A number of major projects that have been in the planning phase — some for years — could begin construction within the next few years, even before the end of Biden’s first term in January 2025. 

“I would suspect in the next four years, we will start to see a lot of major infrastructure projects get under construction — and people will see that construction under way,” said Yonah Freemark, a senior research associate at the Urban Institute in Washington. 

Some of those projects, he said in an interview, include the Gateway Tunnel, a new rail tunnel between New York and New Jersey; replacement of the Brent Spence Bridge, a badly overburdened link between Covington, Kentucky, and Cincinnati; a new rail bridge across the Potomac River connecting Washington, D.C., and northern Virginia; and a continuation of work on high-speed rail networks in California. 

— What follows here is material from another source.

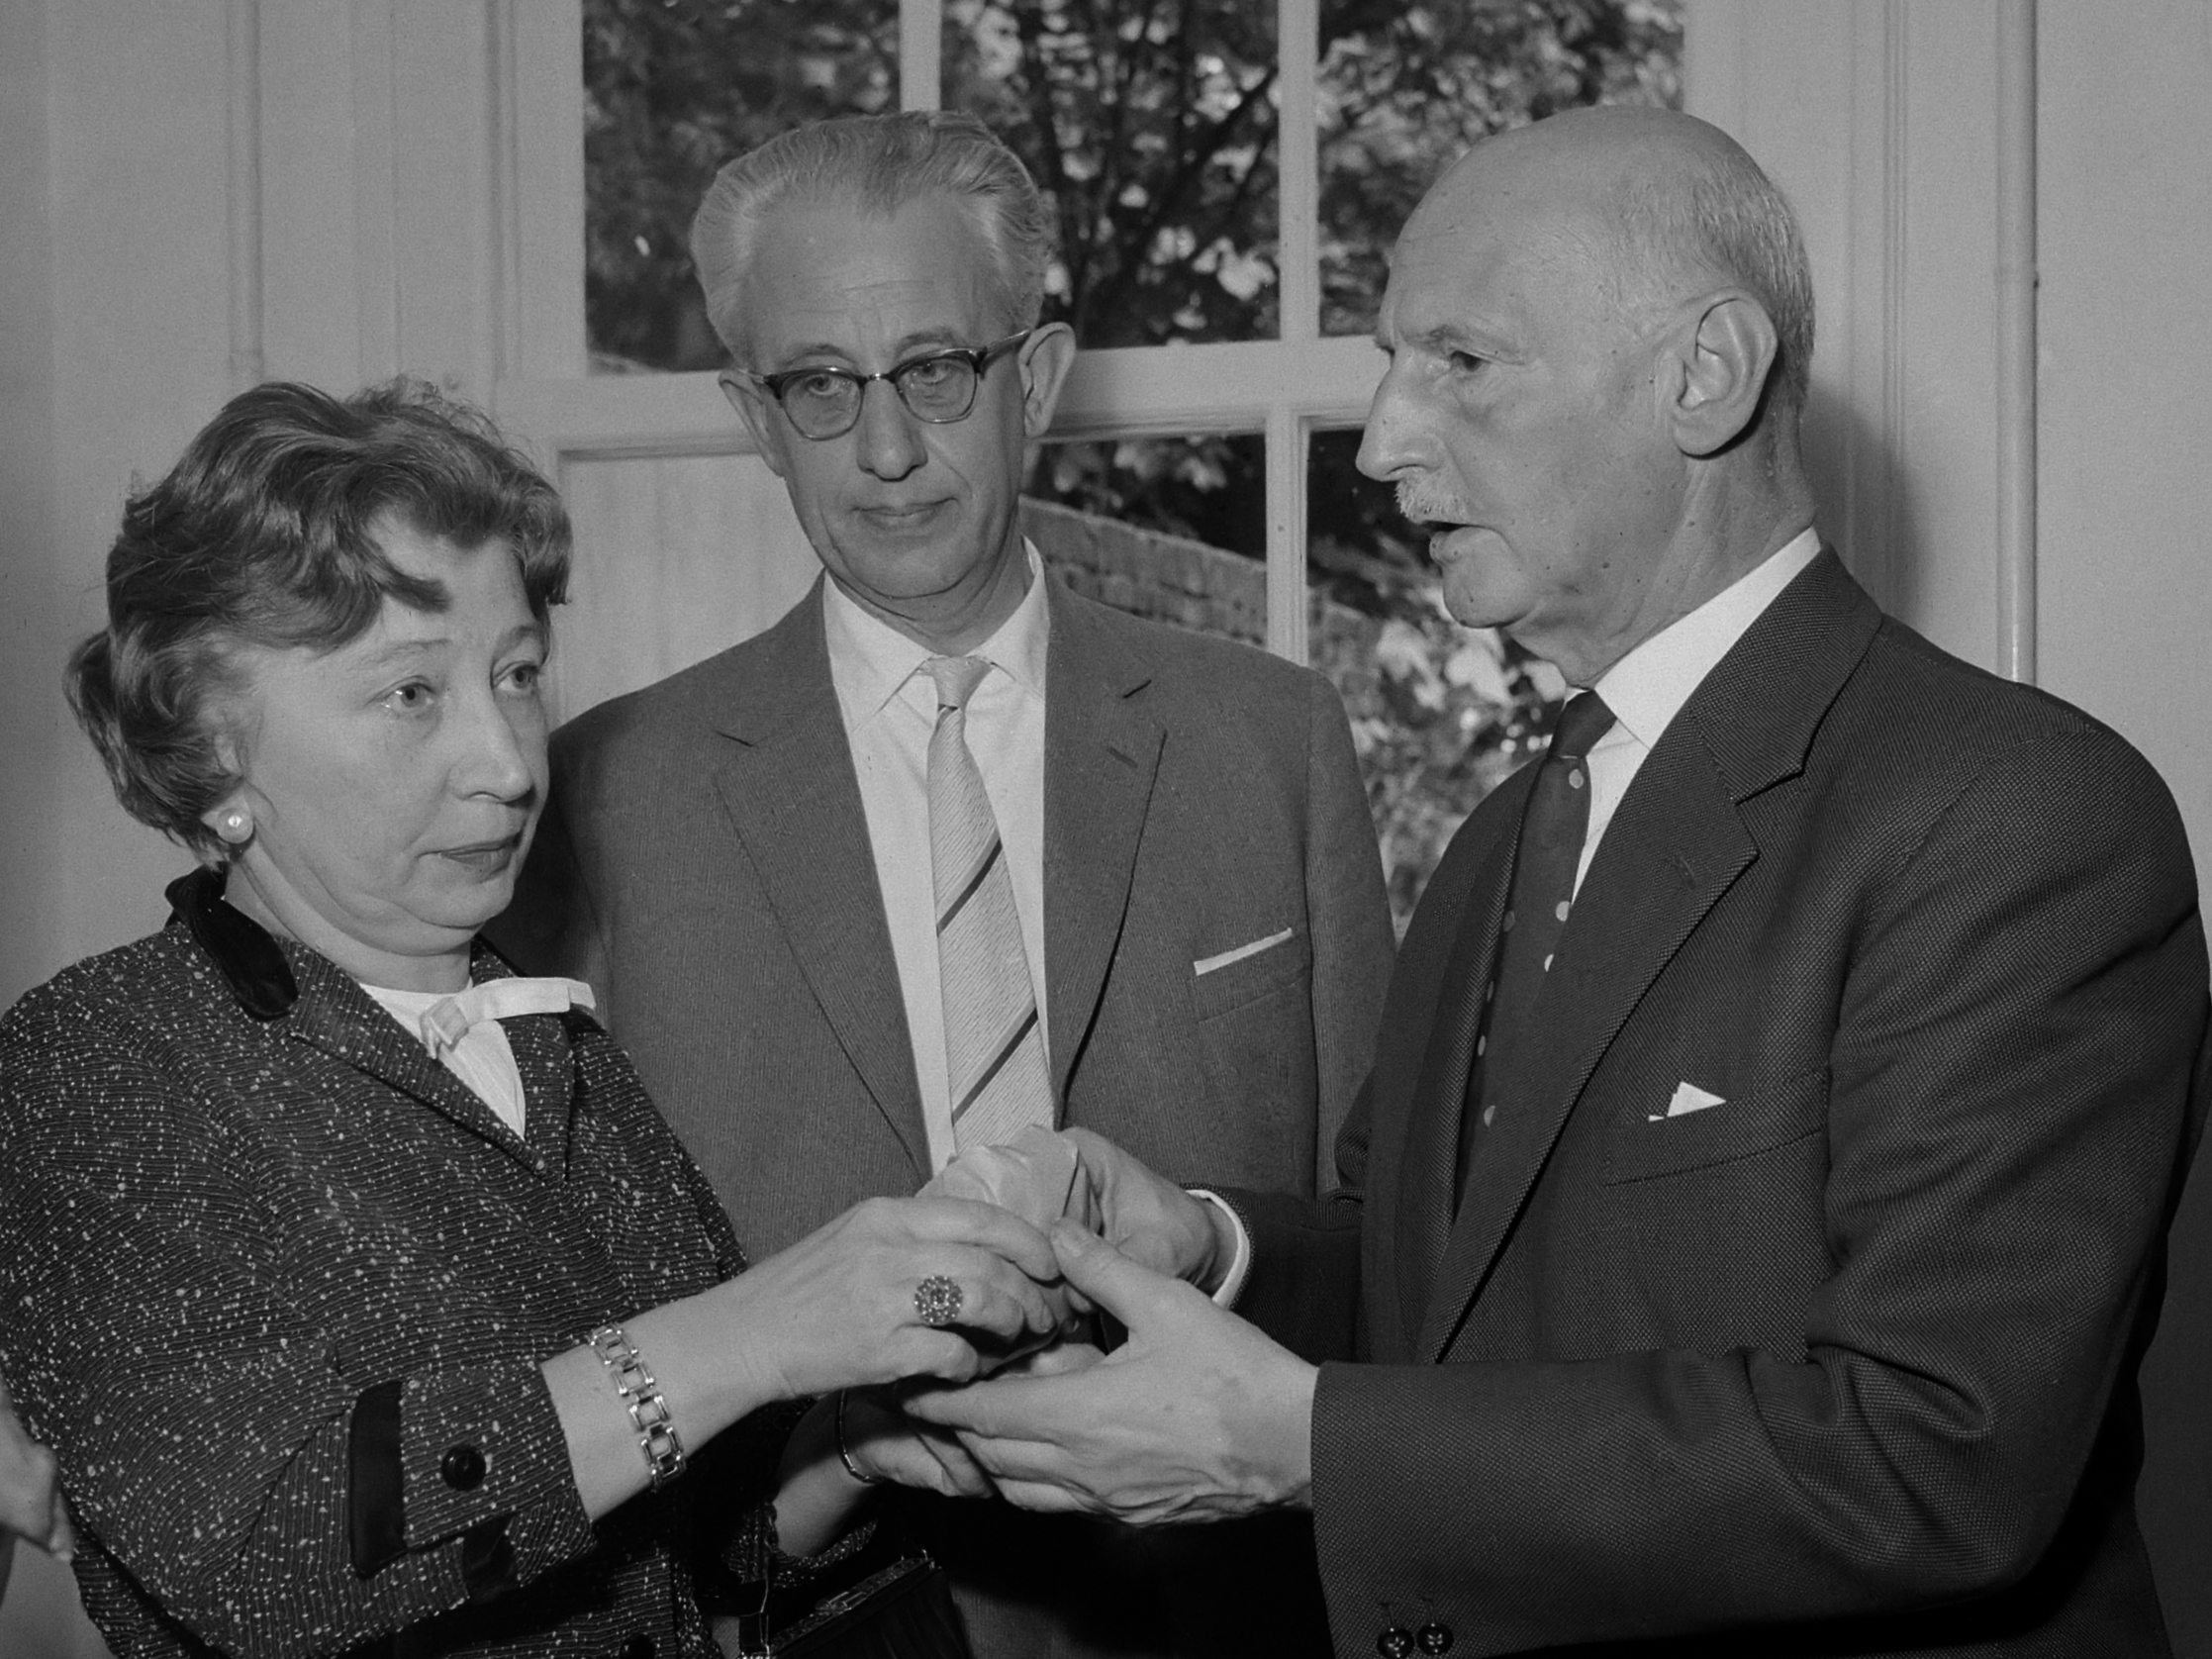 Od obitelji jedini je preživio otac Otto. Nakon rata, obiteljska prijateljica i pomagačica u skrivanju, Miep Gies, pokazala je Ottu očuvani dnevnik kojeg je Otto odlučio objaviti. Prvo izdanje tiskano je u Amsterdamu 1947. godine, i to u skromnih 3000 primjeraka. U 1952. godini prevedena je na engleski jezik i time je priča Anne postala svjetski poznata. 
Na fotografiji su Miep Gies sa suprugom, i Otto Frank (desno).

“Americans will see all those projects under construction in the next few years,” said Freemark. “Unfortunately, we won’t see them open anytime soon.”

Biden will still promote the package 

The delay between his signing of the infrastructure bill into law and the beginning of major construction projects will not prevent the president from celebrating its passage. This week, he is expected to begin a series of visits to sites around the country that will benefit from the legislation. 

Biden was vice president when President Barack Obama signed the American Recovery and Reinvestment Act of 2009, an effort to stimulate the economy with a surge of investment in infrastructure projects. While the act generated significant spending on infrastructure, it took much longer to roll out than the administration expected.

The Obama administration did not make much of an effort to bring Americans’ attention to the Recovery Act’s projects when they did come on line, leading to criticism from fellow Democrats, who saw that as a missed opportunity.

Biden does not appear eager to expose himself to the same criticism. His infrastructure tour will be supplemented by appearances by multiple Cabinet secretaries across the country over the coming weeks and months, reminding voters of the projects that, if not under way, are at least on the way.

Biden’s first stop will be the Port of Baltimore on Wednesday. Backlogs at U.S. ports have been blamed for the current supply-chain problems that have left many goods difficult for Americans to find and have contributed to a sharp rise in inflation. A visit to the port will allow Biden to make the argument to Americans that his administration is taking action to at least begin resolving the problem.